_Prompt_. A line belongs in the answer if it contains "Love"; copy every such line from the entries below.

========

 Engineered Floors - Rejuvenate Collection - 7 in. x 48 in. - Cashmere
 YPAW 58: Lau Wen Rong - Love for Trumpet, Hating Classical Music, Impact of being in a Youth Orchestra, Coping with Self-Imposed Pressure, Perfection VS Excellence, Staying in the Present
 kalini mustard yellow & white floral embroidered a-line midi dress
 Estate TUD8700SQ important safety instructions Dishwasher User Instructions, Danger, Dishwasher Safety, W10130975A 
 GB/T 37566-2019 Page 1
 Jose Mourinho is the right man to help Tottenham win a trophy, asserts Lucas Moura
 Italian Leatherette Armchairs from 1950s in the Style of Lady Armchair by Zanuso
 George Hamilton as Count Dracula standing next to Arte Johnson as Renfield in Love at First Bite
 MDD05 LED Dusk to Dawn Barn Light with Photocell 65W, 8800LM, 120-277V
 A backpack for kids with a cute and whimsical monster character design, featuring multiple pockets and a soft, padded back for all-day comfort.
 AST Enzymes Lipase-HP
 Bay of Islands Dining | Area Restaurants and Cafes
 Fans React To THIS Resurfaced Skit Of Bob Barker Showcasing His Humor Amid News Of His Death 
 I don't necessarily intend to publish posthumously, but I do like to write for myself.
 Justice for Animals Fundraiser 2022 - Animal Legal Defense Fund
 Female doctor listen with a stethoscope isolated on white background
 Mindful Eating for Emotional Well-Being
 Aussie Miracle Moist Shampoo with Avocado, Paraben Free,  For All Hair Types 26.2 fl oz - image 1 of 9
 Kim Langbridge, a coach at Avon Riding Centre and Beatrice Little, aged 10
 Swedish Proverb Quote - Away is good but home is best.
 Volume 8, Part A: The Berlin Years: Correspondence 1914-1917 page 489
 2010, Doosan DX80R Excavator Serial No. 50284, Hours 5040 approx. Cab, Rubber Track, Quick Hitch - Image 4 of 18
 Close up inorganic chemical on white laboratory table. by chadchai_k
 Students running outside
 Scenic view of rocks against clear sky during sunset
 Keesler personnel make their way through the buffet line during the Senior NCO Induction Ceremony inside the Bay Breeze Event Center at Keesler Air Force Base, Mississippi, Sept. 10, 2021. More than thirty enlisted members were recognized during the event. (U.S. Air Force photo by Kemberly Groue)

========

_Answer box_.
 YPAW 58: Lau Wen Rong - Love for Trumpet, Hating Classical Music, Impact of being in a Youth Orchestra, Coping with Self-Imposed Pressure, Perfection VS Excellence, Staying in the Present
 George Hamilton as Count Dracula standing next to Arte Johnson as Renfield in Love at First Bite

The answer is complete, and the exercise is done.